◆ **ABOUT THIS EXERCISE**
In the material below, find the line containing "1961 Chevrolet Car" and the line containing "últimos diseños diversificados", then reproduce exactly both of them and every line between, and nothing else.

◆ **DATA**
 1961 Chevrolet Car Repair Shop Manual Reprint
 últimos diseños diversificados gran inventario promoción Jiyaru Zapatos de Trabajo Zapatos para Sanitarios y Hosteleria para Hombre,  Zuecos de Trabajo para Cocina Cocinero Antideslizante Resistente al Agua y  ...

* * *

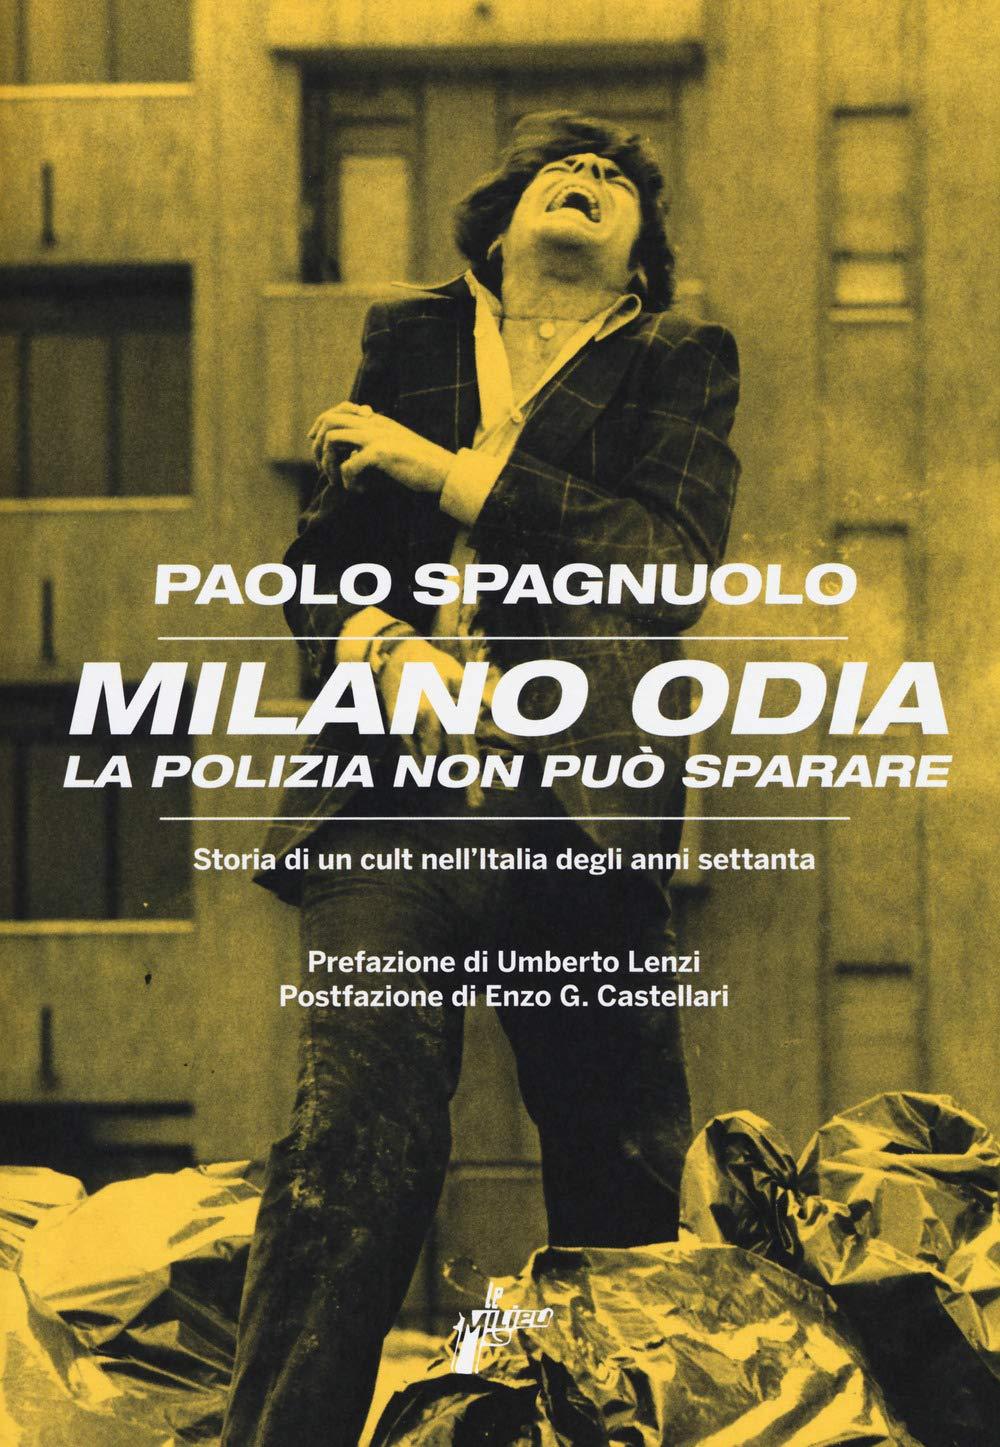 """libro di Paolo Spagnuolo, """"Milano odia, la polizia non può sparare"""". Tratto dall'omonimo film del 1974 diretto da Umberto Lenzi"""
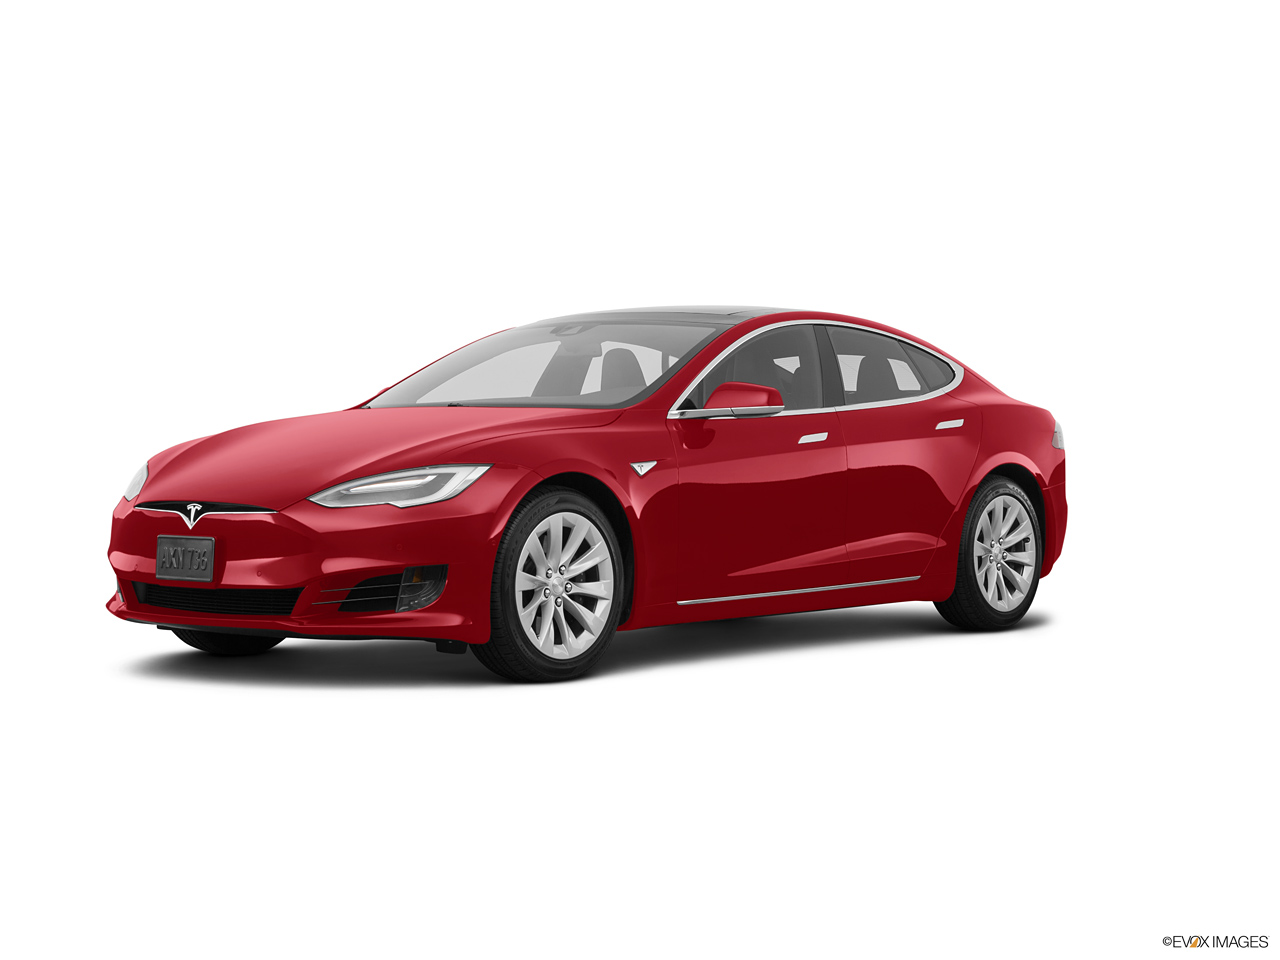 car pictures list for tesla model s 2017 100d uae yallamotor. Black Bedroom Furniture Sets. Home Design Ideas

==

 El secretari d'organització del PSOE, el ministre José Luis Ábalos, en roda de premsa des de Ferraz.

◆ **SOLUTION FOR THIS PROBLEM**
 1961 Chevrolet Car Repair Shop Manual Reprint
 últimos diseños diversificados gran inventario promoción Jiyaru Zapatos de Trabajo Zapatos para Sanitarios y Hosteleria para Hombre,  Zuecos de Trabajo para Cocina Cocinero Antideslizante Resistente al Agua y  ...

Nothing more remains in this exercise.